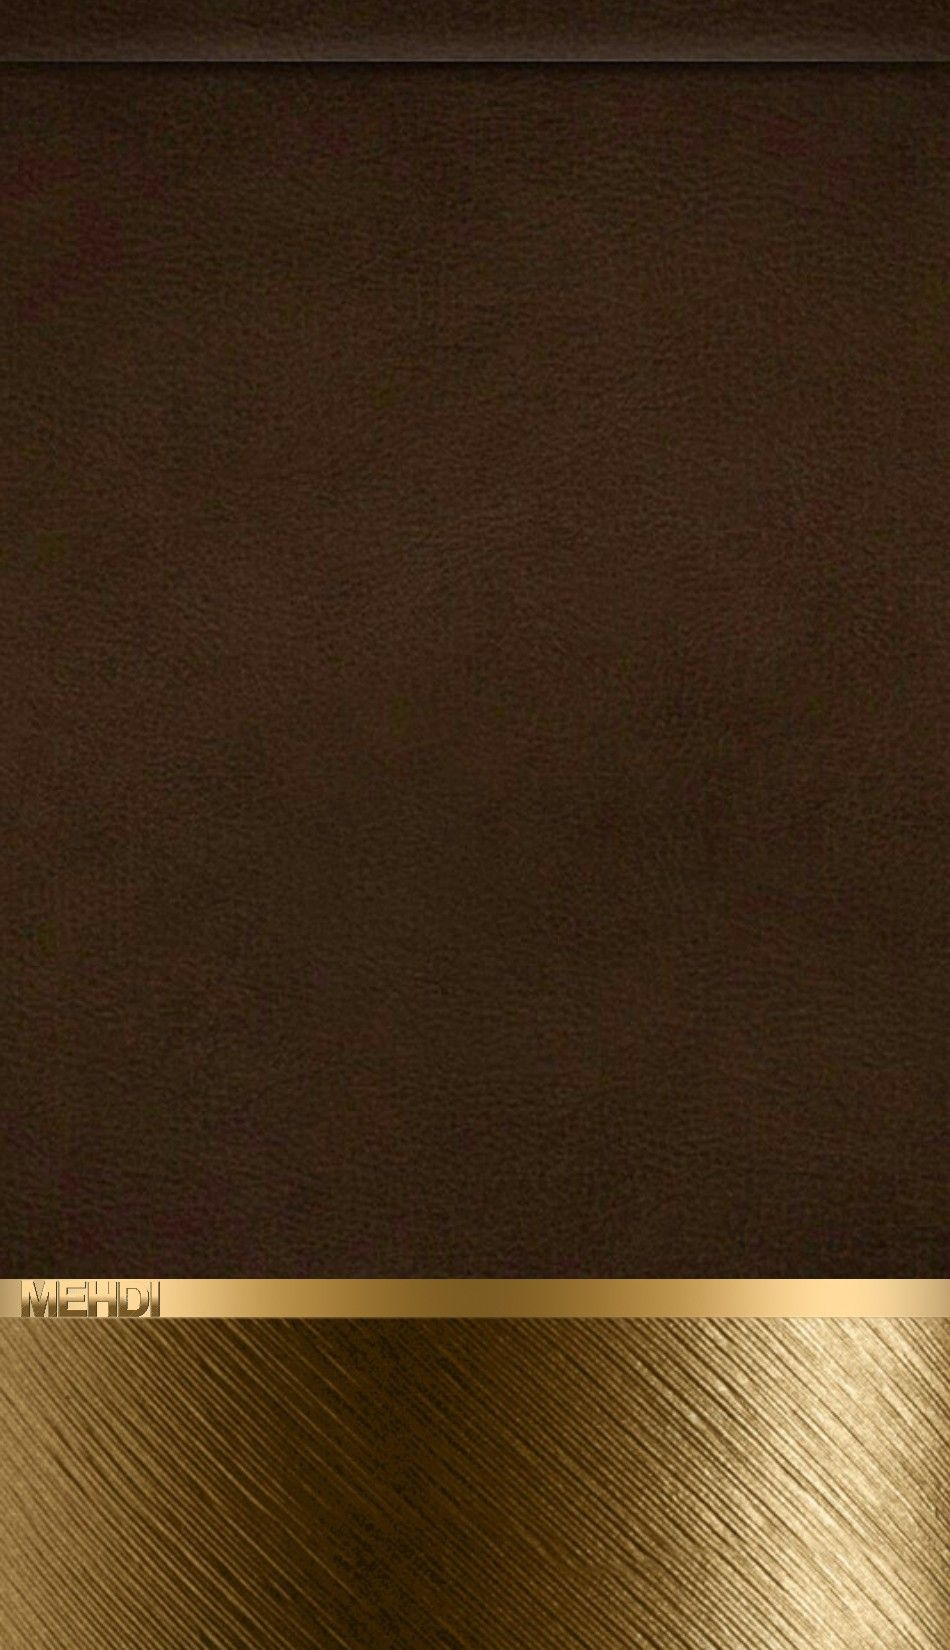 Wonderful Wallpaper Home Screen Wood - 3a8787c0c0b9710e37ac4657fdd13833  2018_542472.jpg
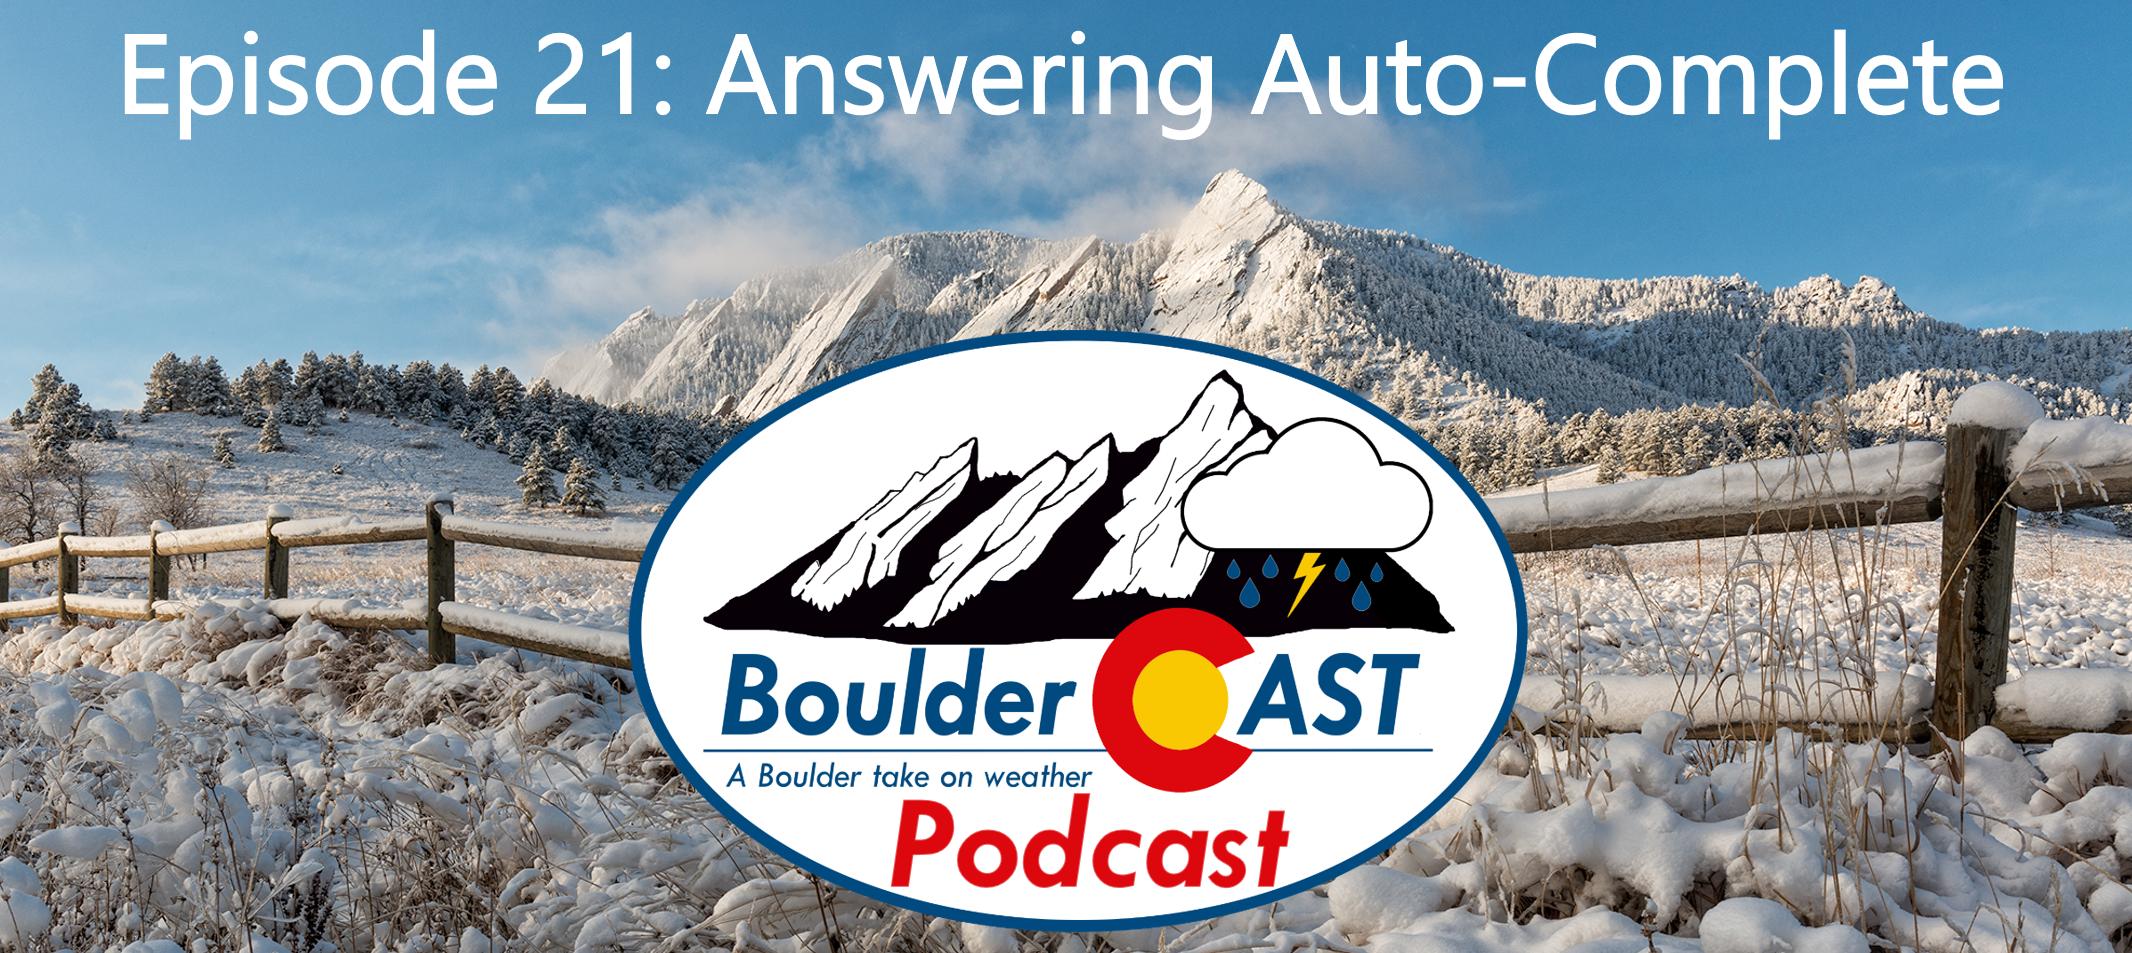 Airbnb Boulder Episode 21 Answering Auto Complete Bouldercast
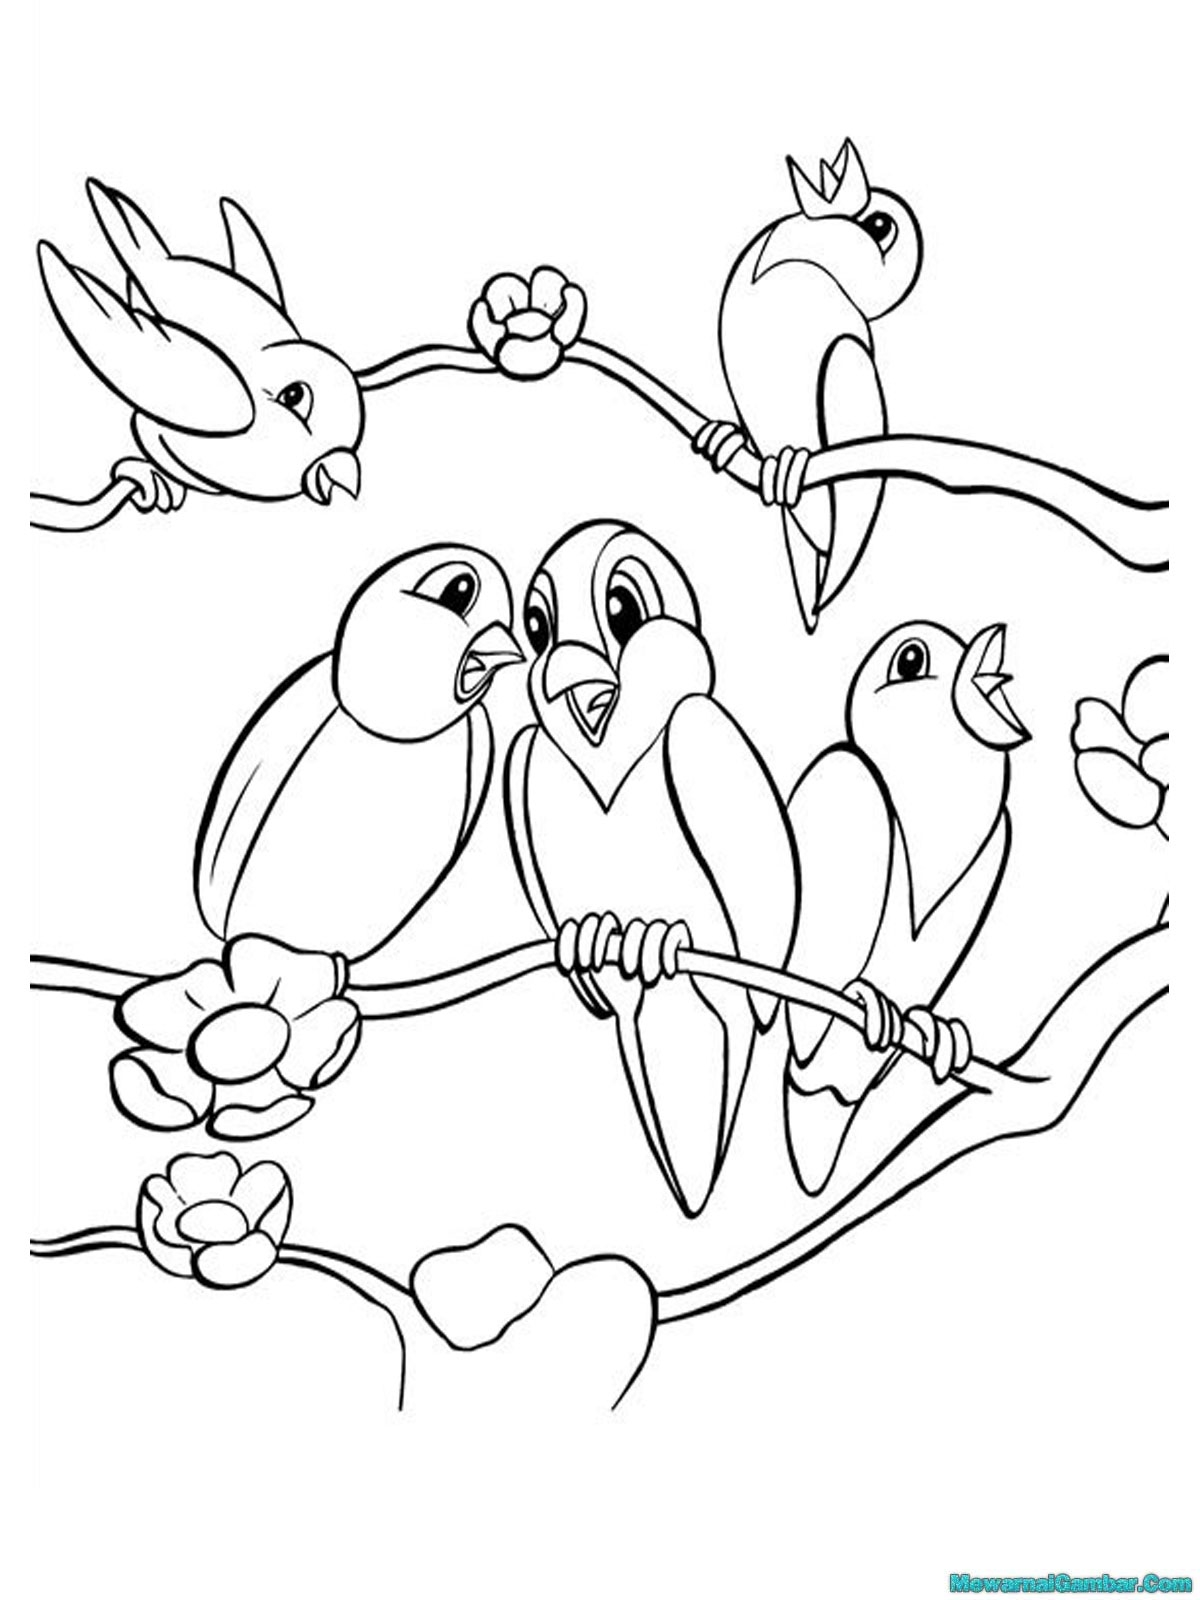 Kumpulan Gambar Sketsa Burung Lb | Sketsabaru
┄┄┄┄┄┄┄┄┄┄
WHAT YOU NEED TO DO:
Reproduce the material above exactly but drop all images.

SOLUTION TO THIS PROBLEM:
 Wonderful Wallpaper Home Screen Wood - 3a8787c0c0b9710e37ac4657fdd13833  2018_542472.jpg
 Airbnb Boulder Episode 21 Answering Auto Complete Bouldercast
 Kumpulan Gambar Sketsa Burung Lb | Sketsabaru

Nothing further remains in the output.